# Problem statement
Somewhere below are a line with "Four Wheel Drive" and a later line with "A bowl of Turkey". Output exactly those lines and all lines between them.

# Material for the task
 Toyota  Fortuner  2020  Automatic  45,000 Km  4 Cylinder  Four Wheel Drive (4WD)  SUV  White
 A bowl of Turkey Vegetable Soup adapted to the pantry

--

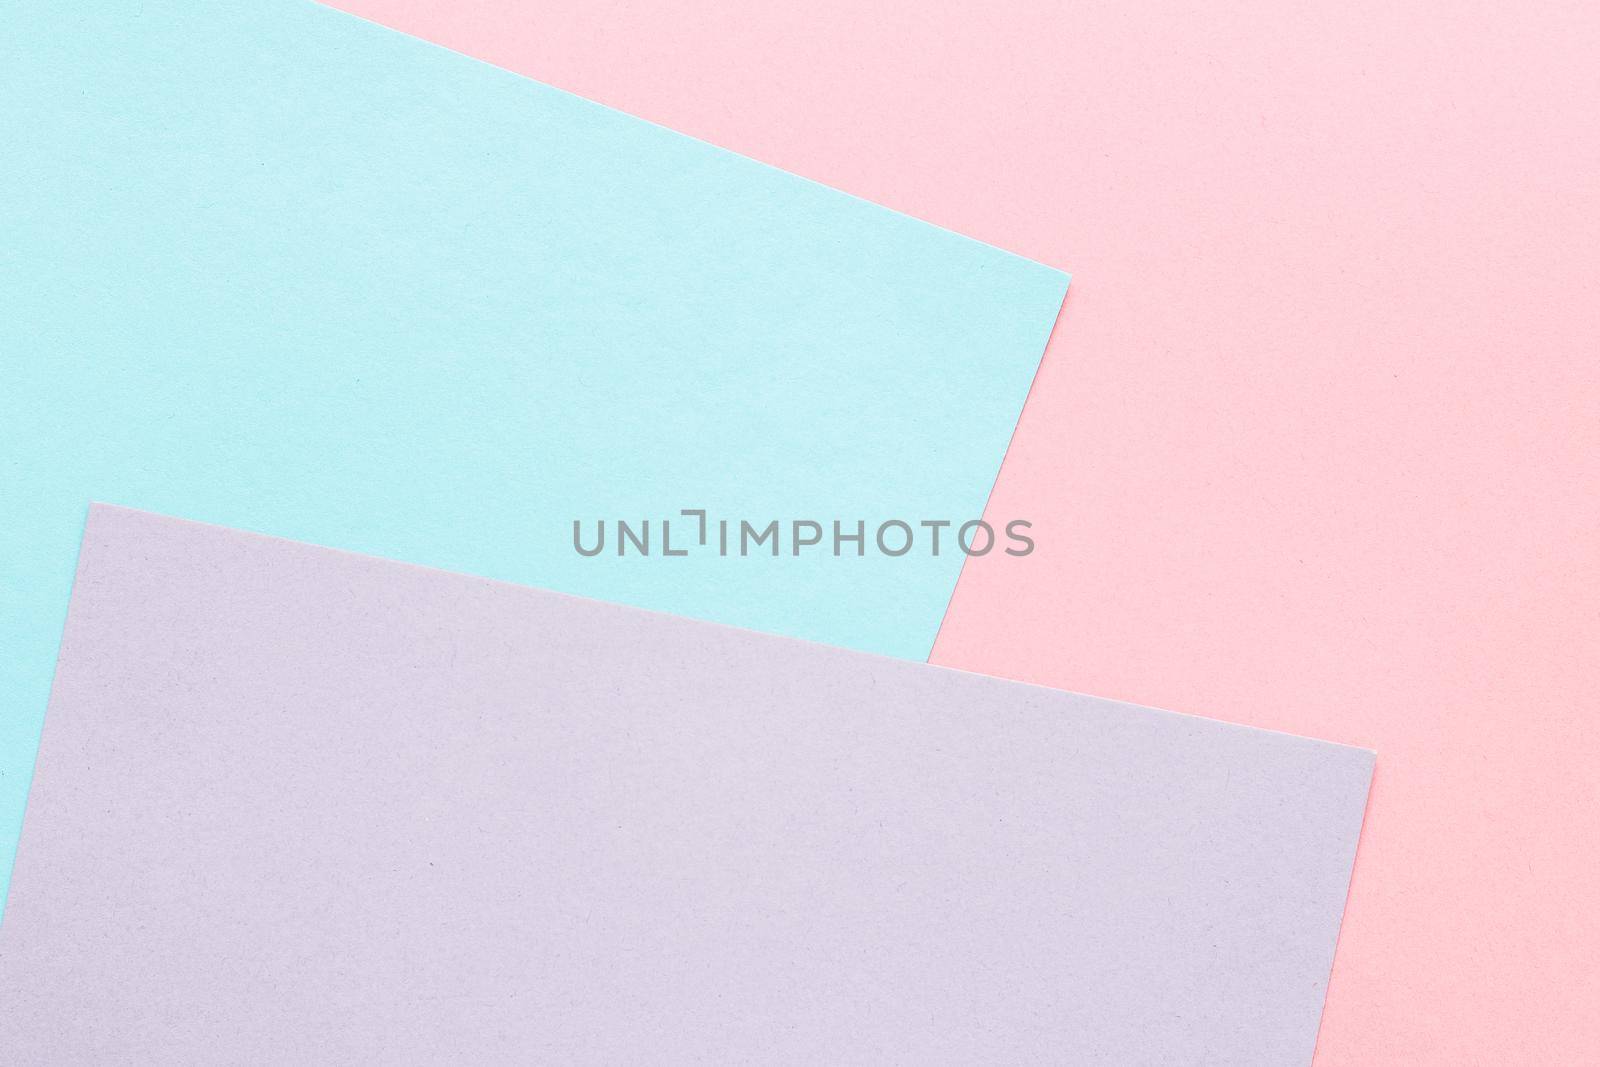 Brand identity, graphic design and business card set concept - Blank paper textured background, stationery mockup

==

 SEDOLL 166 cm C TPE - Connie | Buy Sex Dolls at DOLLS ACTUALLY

# Exercise response
 Toyota  Fortuner  2020  Automatic  45,000 Km  4 Cylinder  Four Wheel Drive (4WD)  SUV  White
 A bowl of Turkey Vegetable Soup adapted to the pantry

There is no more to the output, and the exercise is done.